Instant reactions to fraudulent activities at banks.
Improved recommendations for online transactions.
Better patient care at hospitals.
Investments in artificial intelligence are helping businesses to reduce costs, better serve customers, and gain competitive advantage in rapidly evolving markets. Titanium Intelligent Solutions, a global SaaS IoT organization, even saved one customer over 15% in energy costs across 50 distribution centers, thanks in large part to AI.To succeed with real-time AI, data ecosystems need to excel at handling fast-moving streams of events, operational data, and machine learning models to leverage insights and automate decision-making. Here, I’ll focus on why these three elements and capabilities are fundamental building blocks of a data ecosystem that can support real-time AI.

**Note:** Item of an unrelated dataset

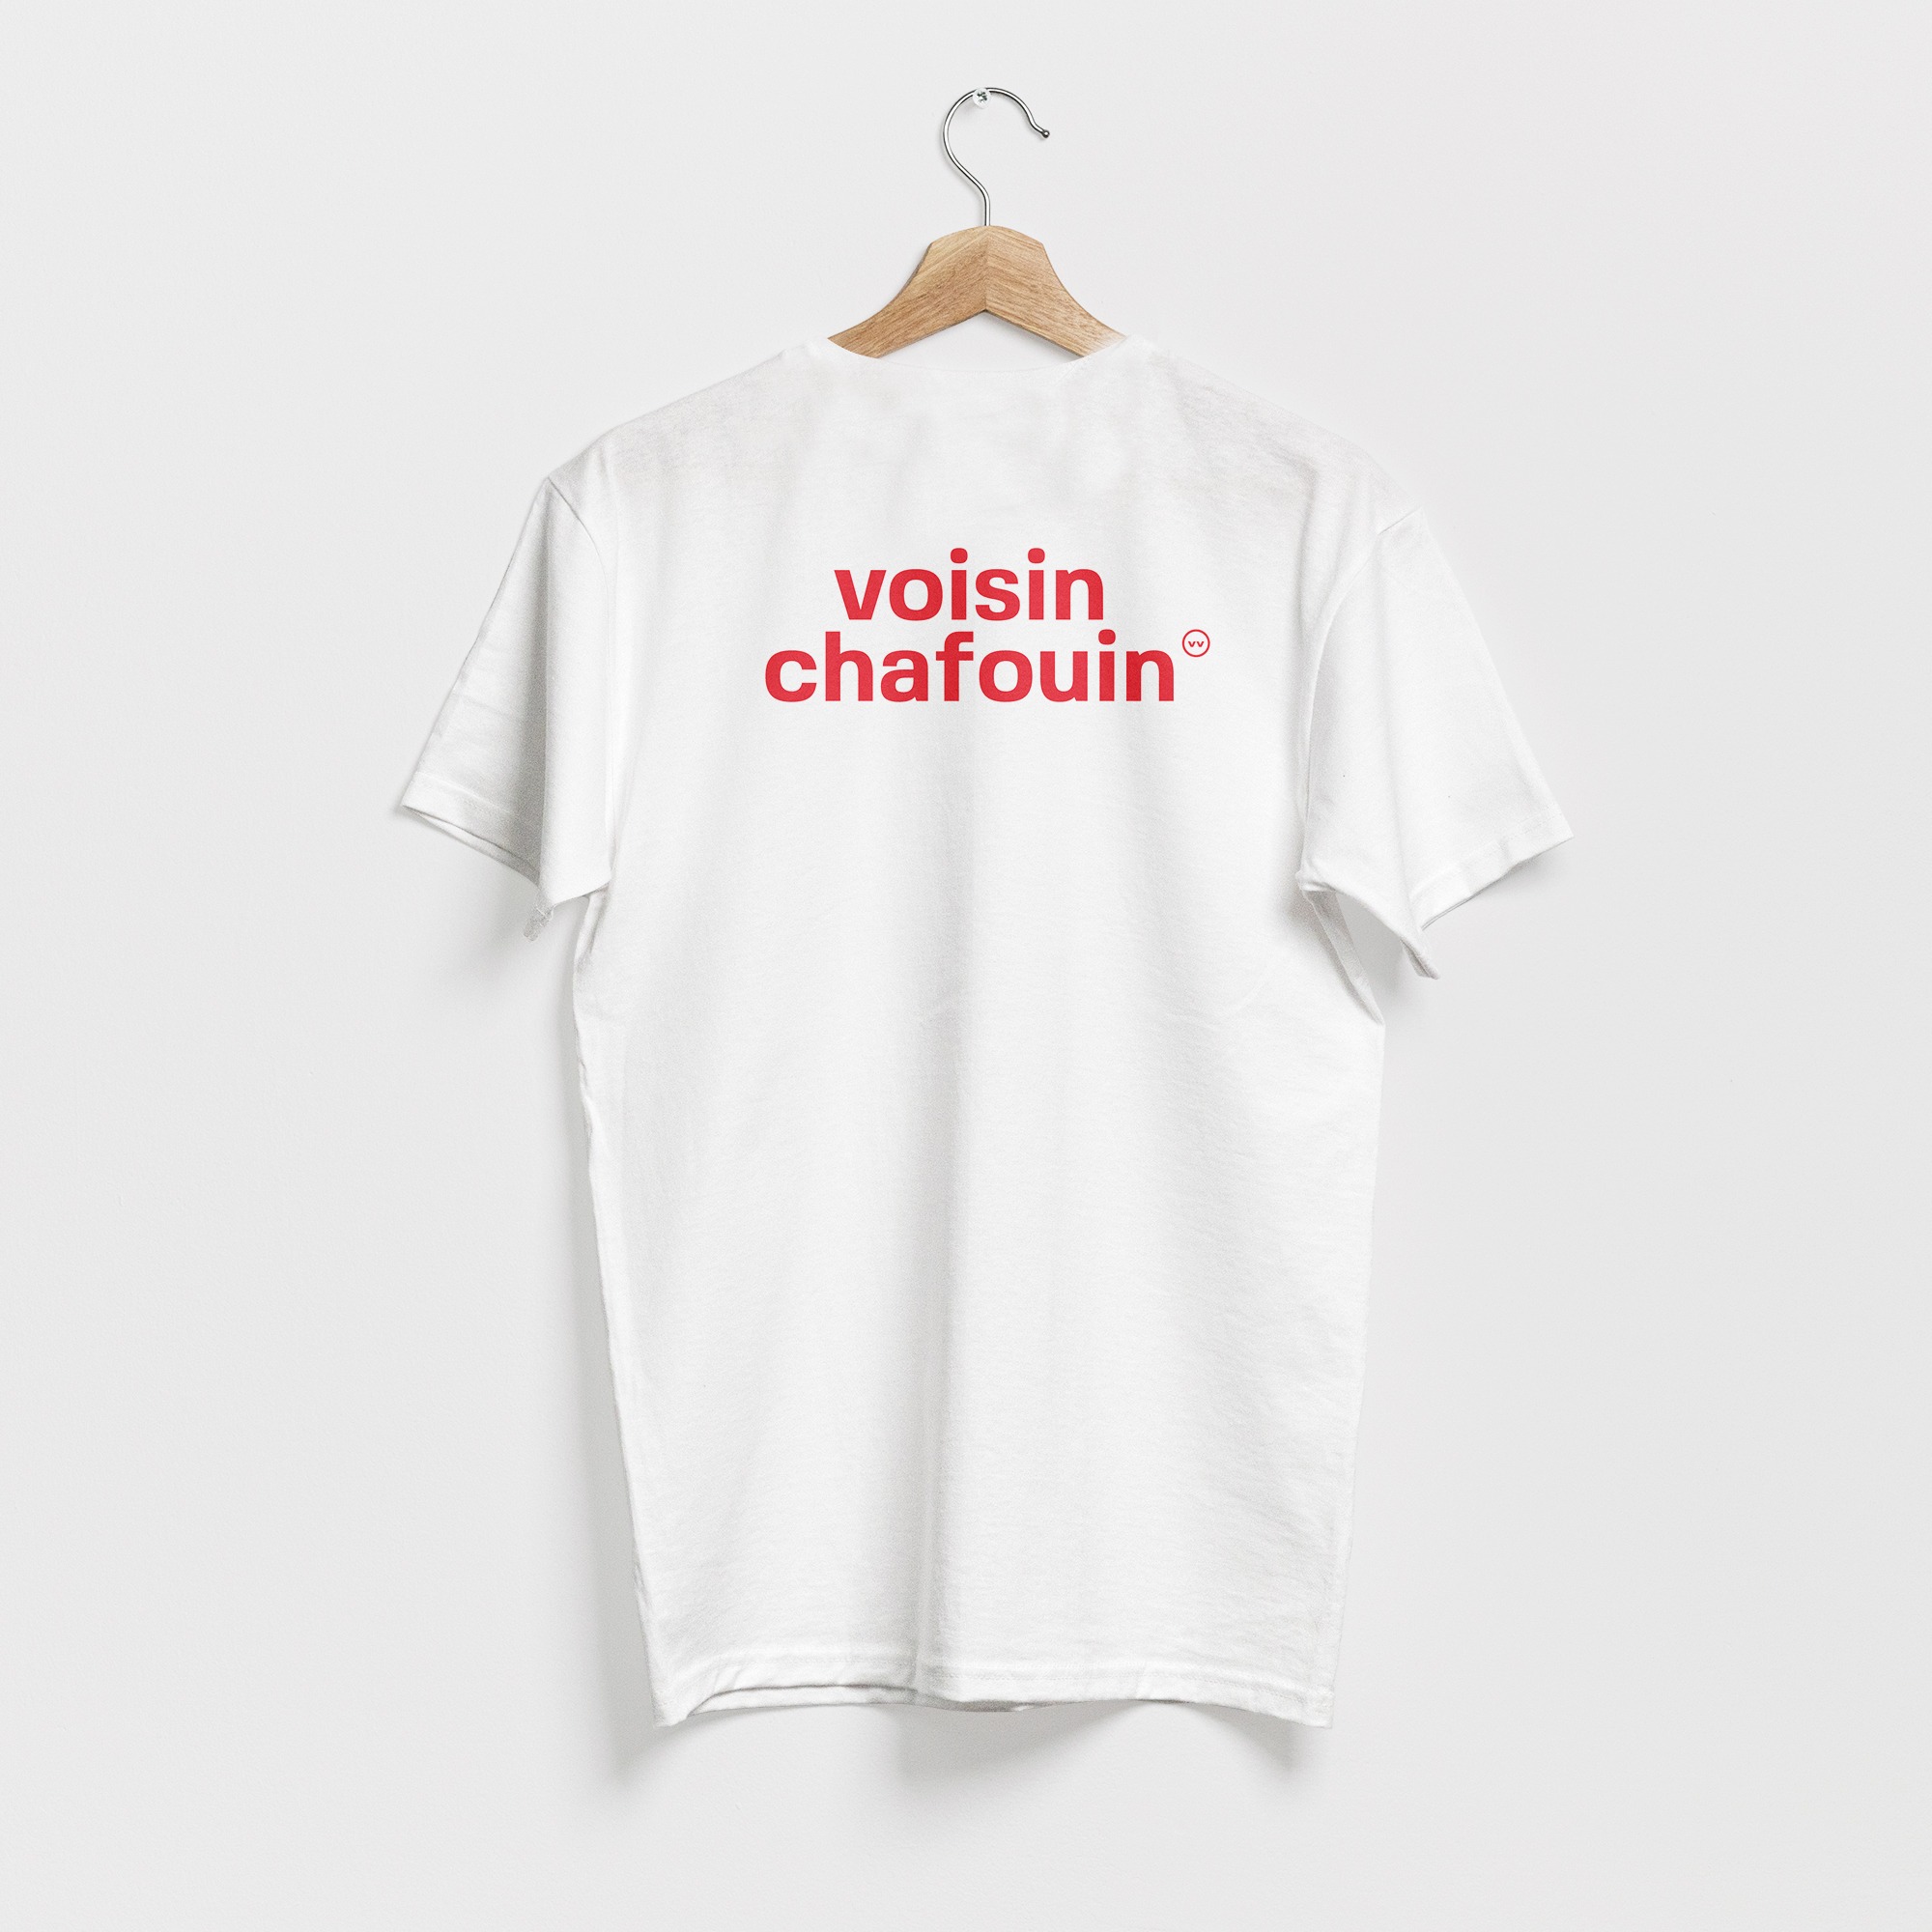 T-shirt blanc, avec le texte voisin chafouin en rouge, de vilains-voisins imprimerie et studio de design graphique à Rethel, dans les Ardennes.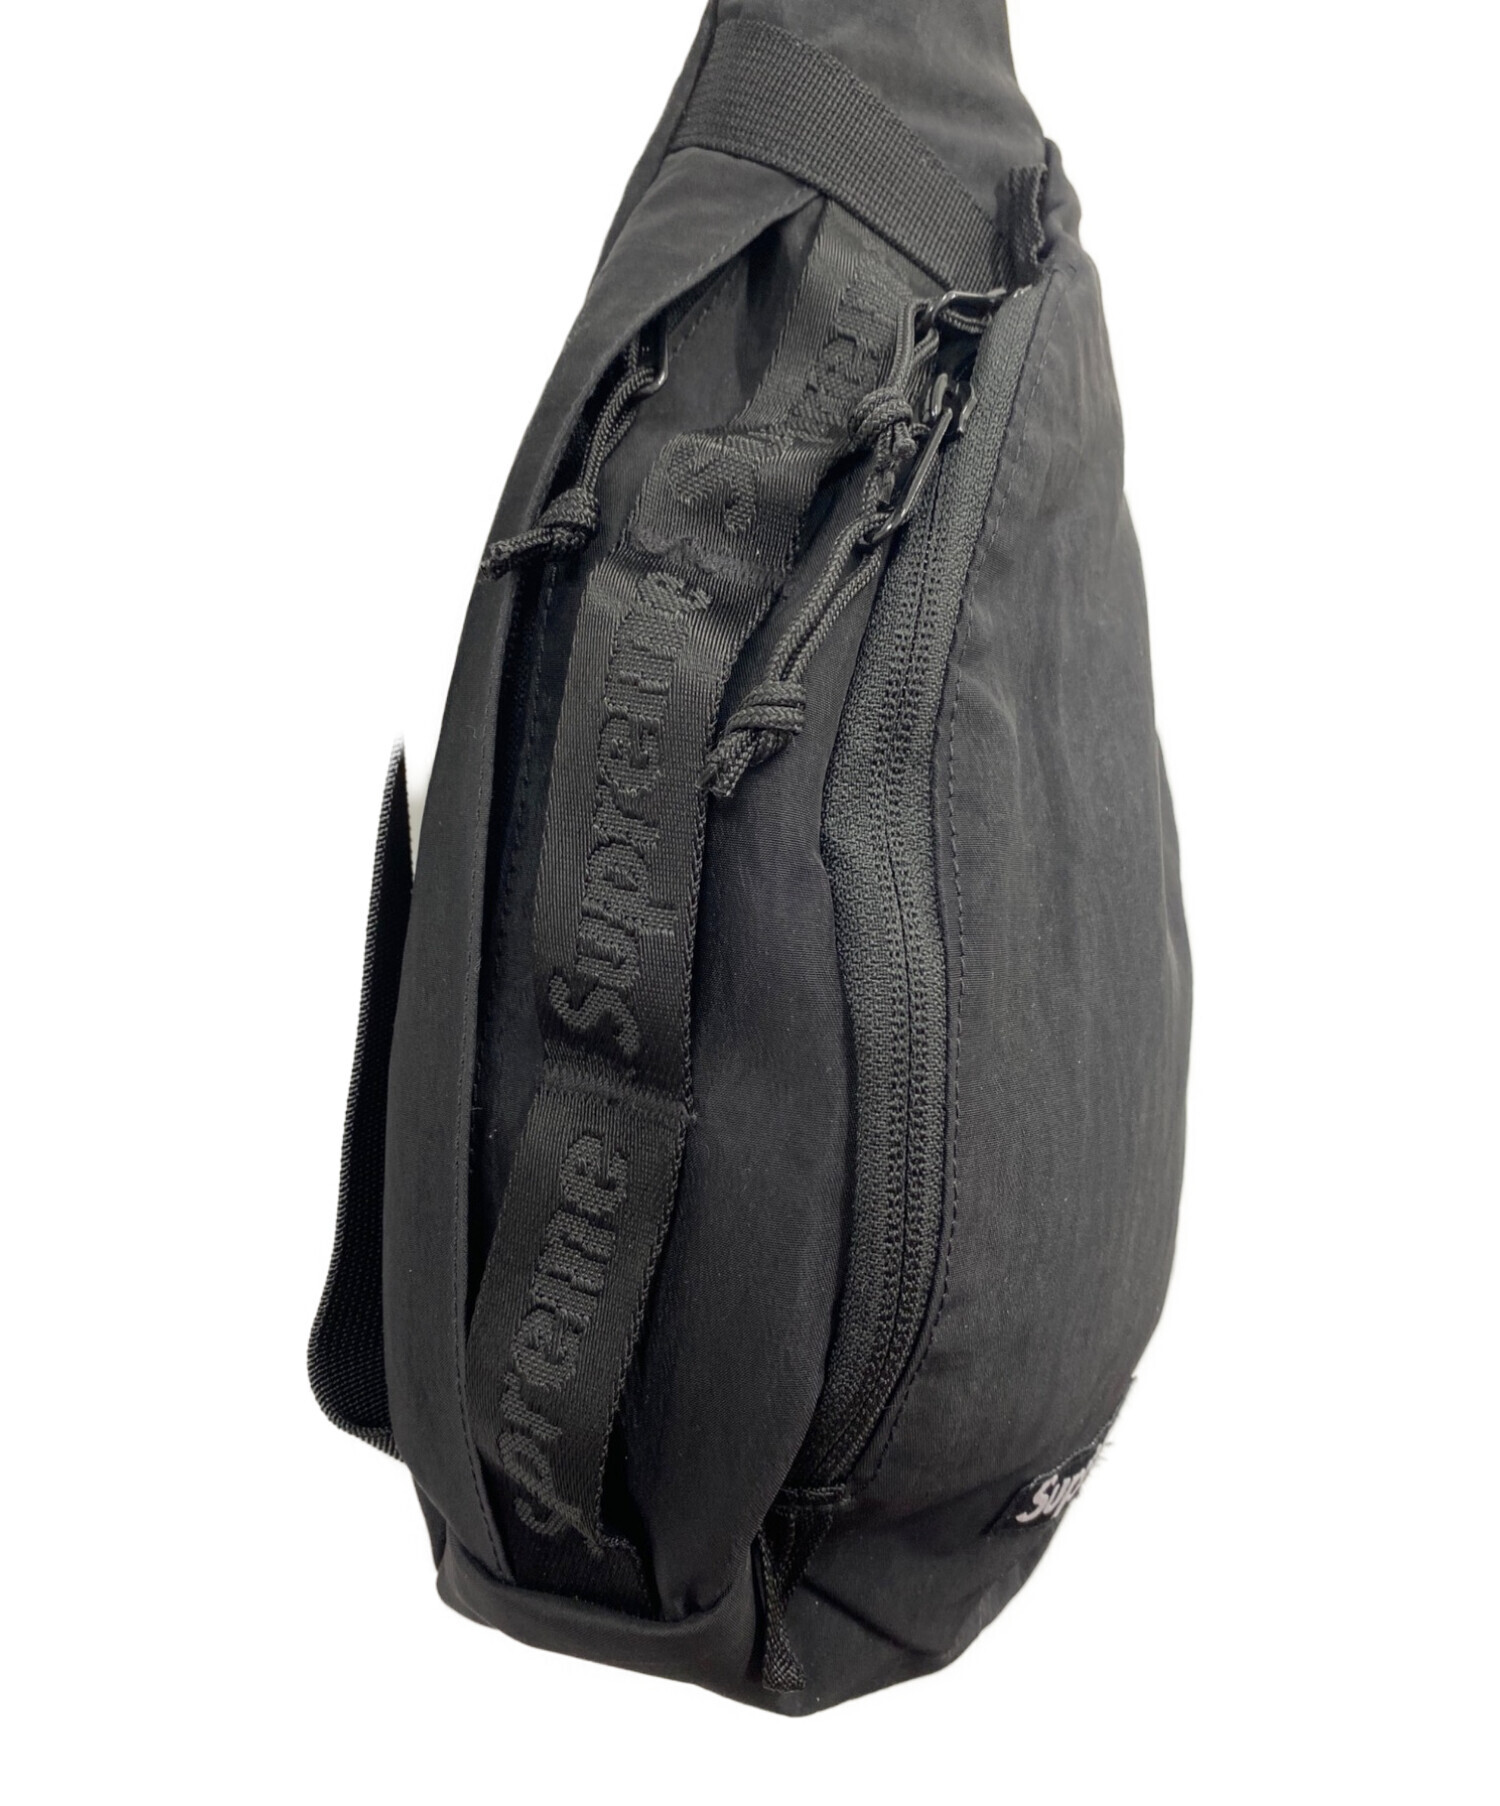 SUPREME (シュプリーム) 20AW sling bag スリングバッグ ワンショルダーバッグ ブラック

Real-time data and decisioning
First, a few quick definitions. Real-time data involves a continuous flow of data in motion. It’s streaming data that’s collected, processed, and analyzed on a continuous basis. Streaming data technologies unlock the ability to capture insights and take instant action on data that’s flowing into your organization; they’re a building block for developing applications that can respond in real-time to user actions, security threats, or other events. AI is the perception, synthesis, and inference of information by machines, to accomplish tasks that historically have required human intelligence. Finally, machine learning is essentially the use and development of computer systems that learn and adapt without following explicit instructions; it uses models (algorithms) to identify patterns, learn from the data, and then make data-based decisions.
Real-time decisioning can occur in minutes, seconds, milliseconds, or microseconds, depending on the use case. With real-time AI, organizations aim to provide valuable insights during the moment of urgency; it’s about making instantaneous, business-driven decisions. What kinds of decisions are necessary to be made in real-time? Here are some examples:
Fraud It’s critical to identify bad actors using high-quality AI models and data
Product recommendations It’s important to stay competitive in today’s ever-expanding online ecosystem with excellent product recommendations and aggressive, responsive pricing against competitors. Ever wonder why an internet search for a product reveals similar prices across competitors, or why surge pricing occurs?
Supply chain With companies trying to stay lean with just-in-time practices, it’s important to understand real-time market conditions, delays in transportation, and raw supply delays, and adjust for them as the conditions are unfolding.
Demand for real-time AI is accelerating
Software applications enable businesses to fuel their processes and revolutionize the customer experience. Now, with the rise of AI, this power is becoming even more evident. AI technology can autonomously drive cars, fly aircraft, create personalized conversations, and transform the customer and business experience into a real-time affair. ChatGPT and Stable Diffusion are two popular examples of how AI is becoming increasingly mainstream.
With organizations looking for increasingly sophisticated ways to employ AI capabilities, data becomes the foundational energy source for such technology. There are plenty of examples of devices and applications that drive exponential growth with streaming data and real-time AI:
Intelligent devices, sensors, and beacons are used by hospitals, airports, and buildings, or even worn by individuals. Devices like these are becoming ubiquitous and generate data 24/7. This has also accelerated the execution of edge computing solutions so compute and real-time decisioning can be closer to where the data is generated.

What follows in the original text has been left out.